(Beginning of INFORMATION SHOWN)
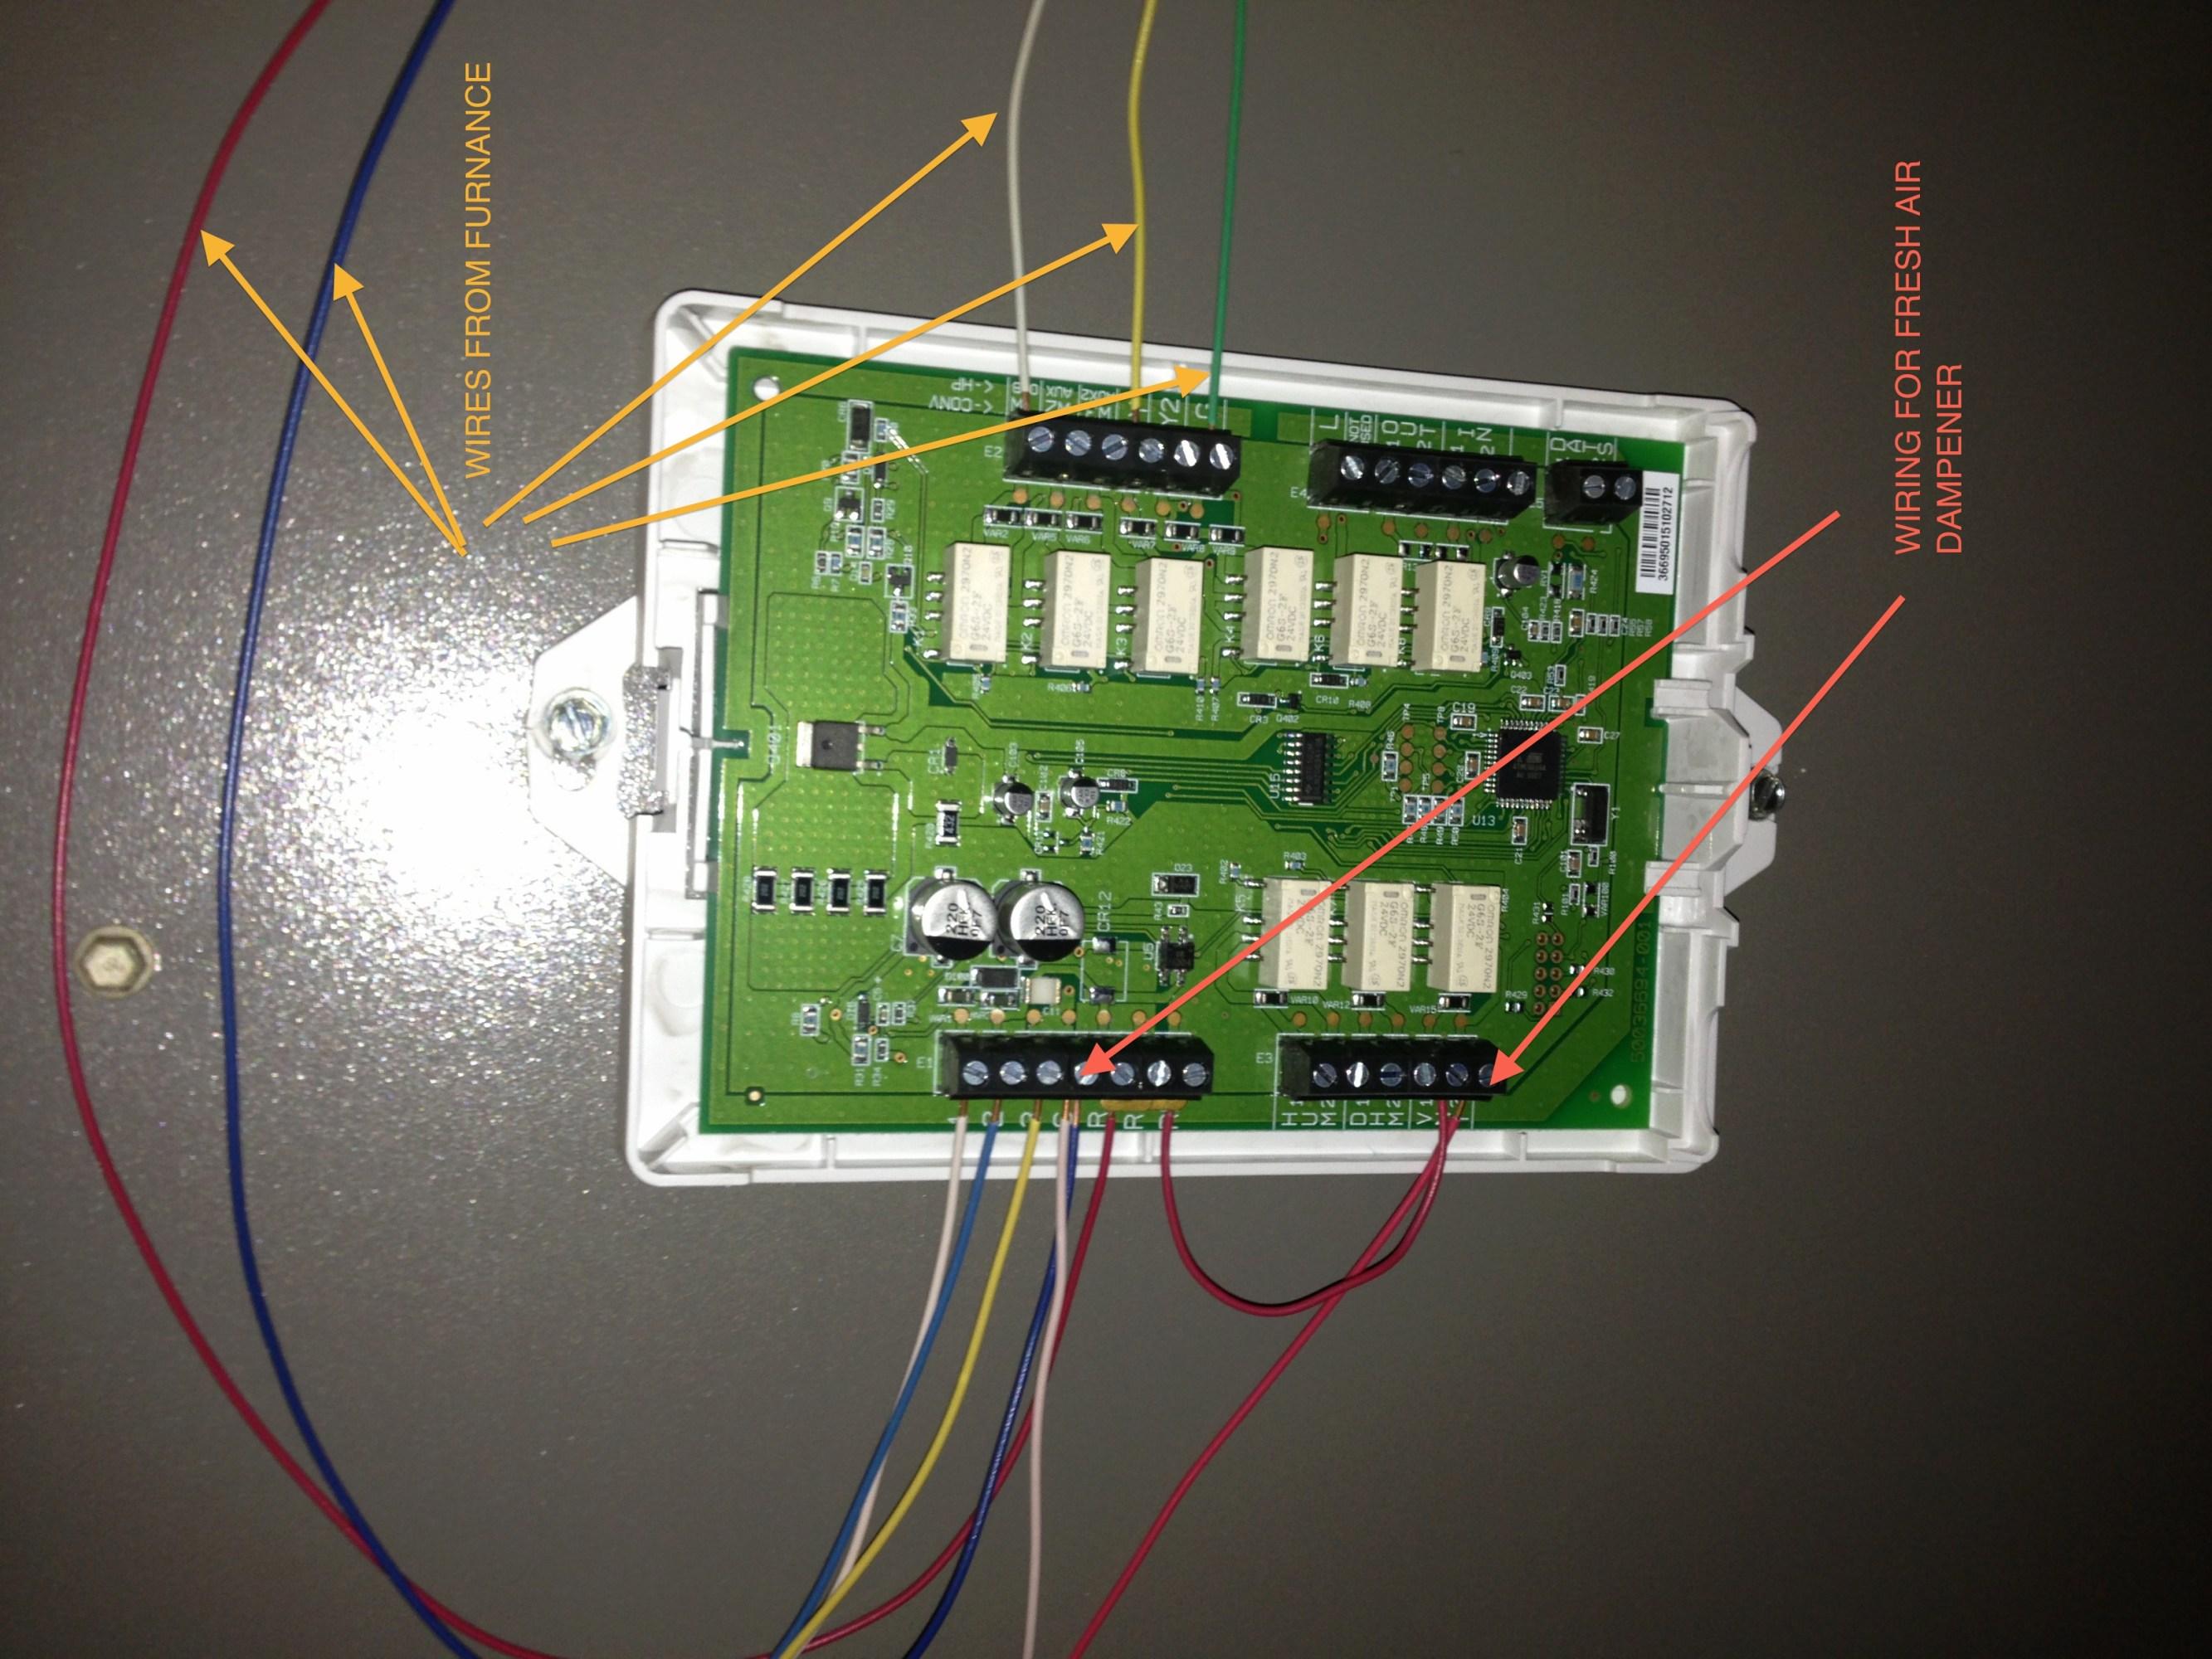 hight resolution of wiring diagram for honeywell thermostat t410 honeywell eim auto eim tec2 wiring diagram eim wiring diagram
(End of INFORMATION SHOWN)
(Beginning of INFORMATION SHOWN)
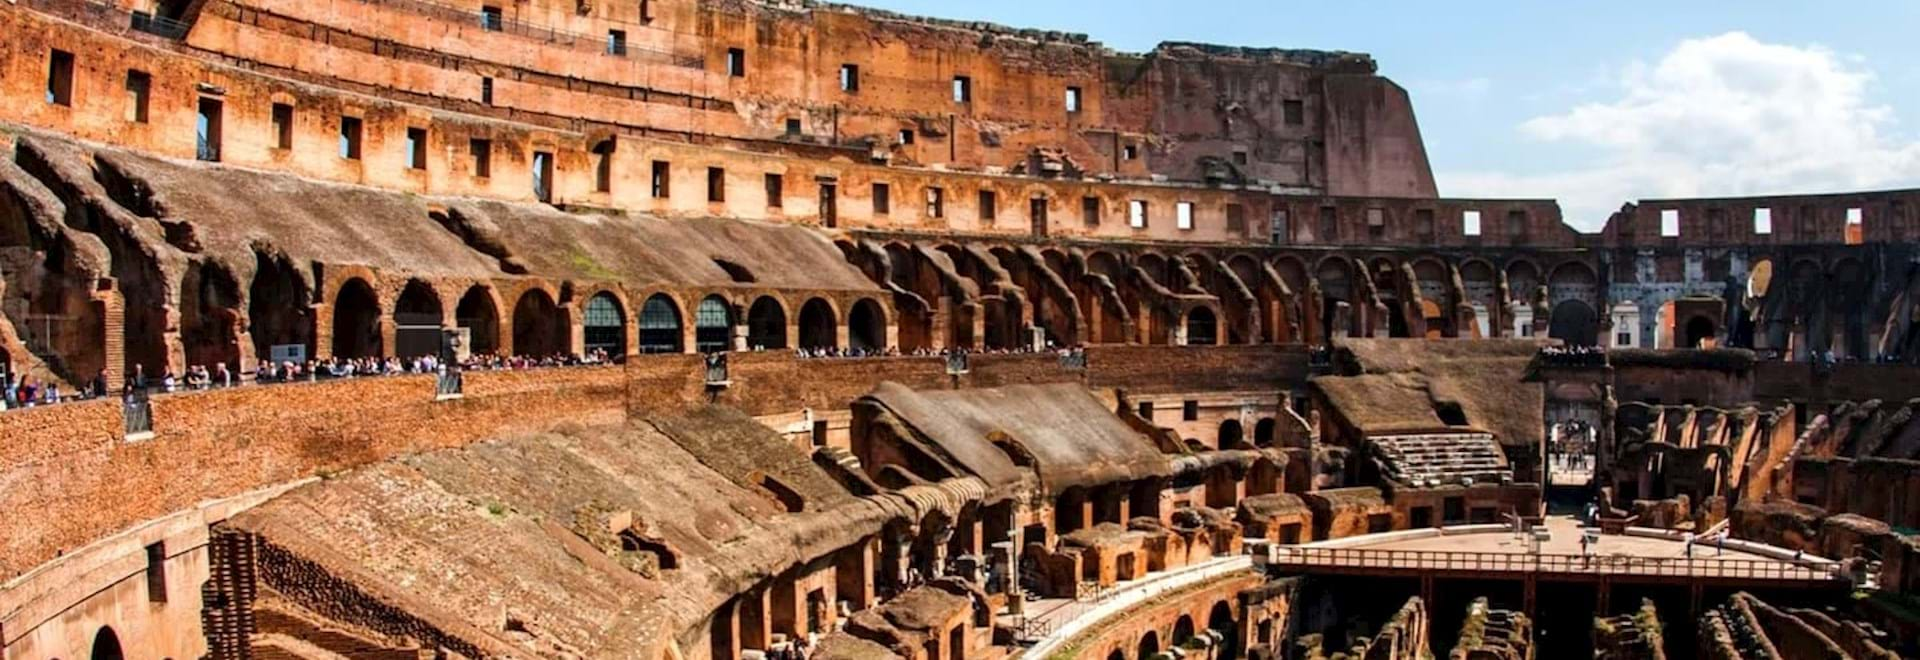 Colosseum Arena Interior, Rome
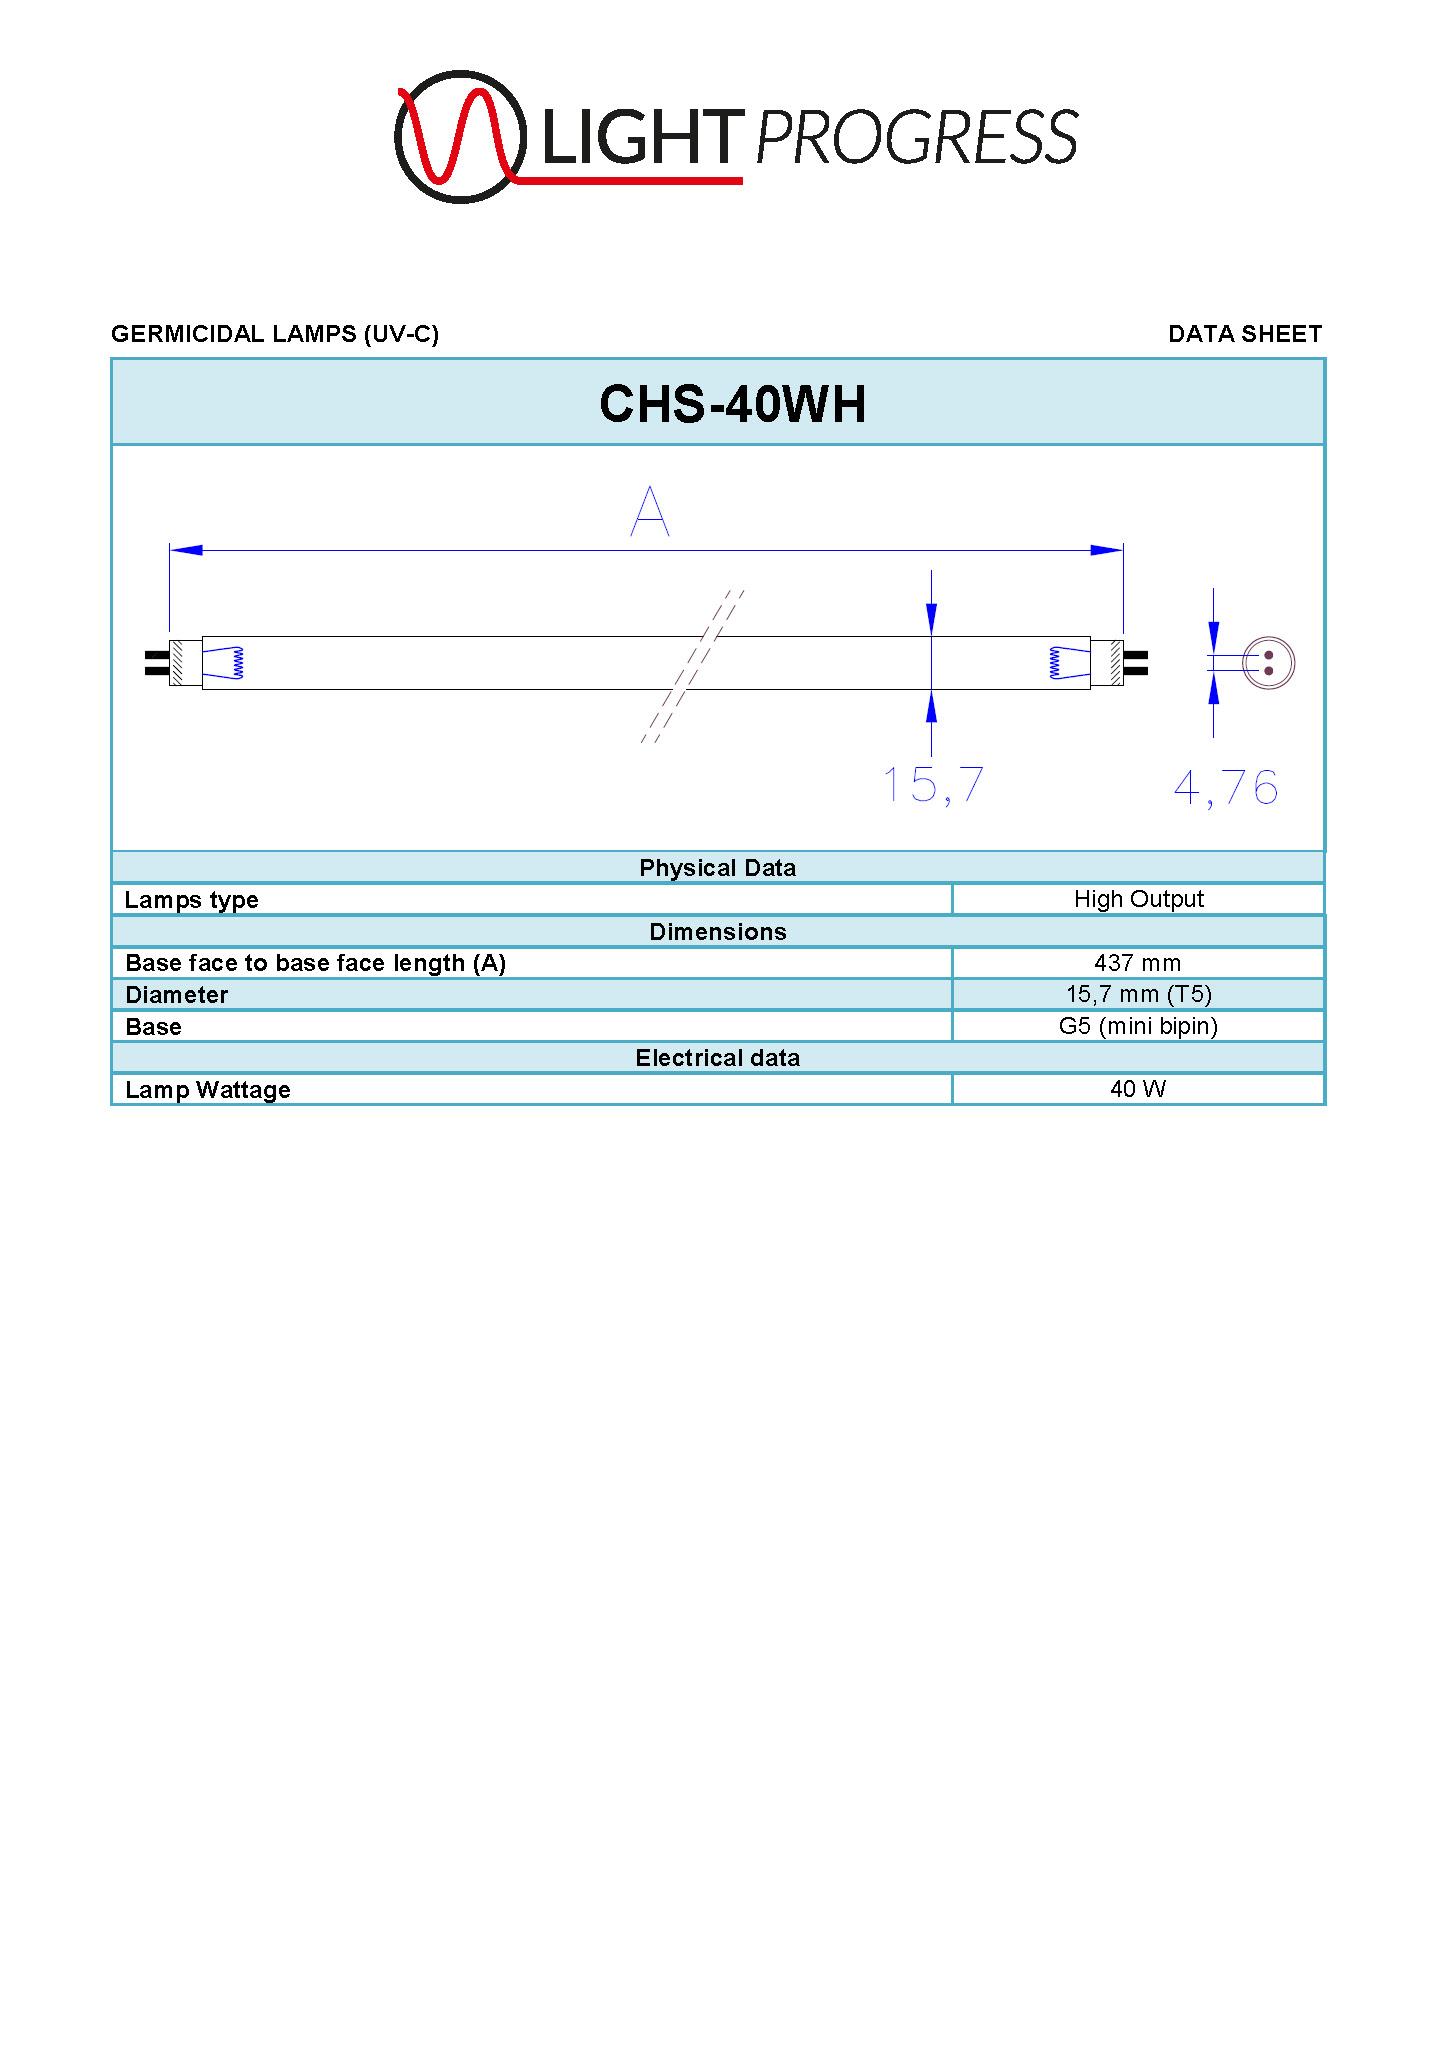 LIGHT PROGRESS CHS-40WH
(End of INFORMATION SHOWN)
** WORK REQUEST **
For this exercise, return exactly the lines above from the line with "Colosseum Arena Interior, Rome" through the line with "LIGHT PROGRESS CHS-40WH", both included. Do not copy the pictures.

** ANSWER BOX **
 Colosseum Arena Interior, Rome
 LIGHT PROGRESS CHS-40WH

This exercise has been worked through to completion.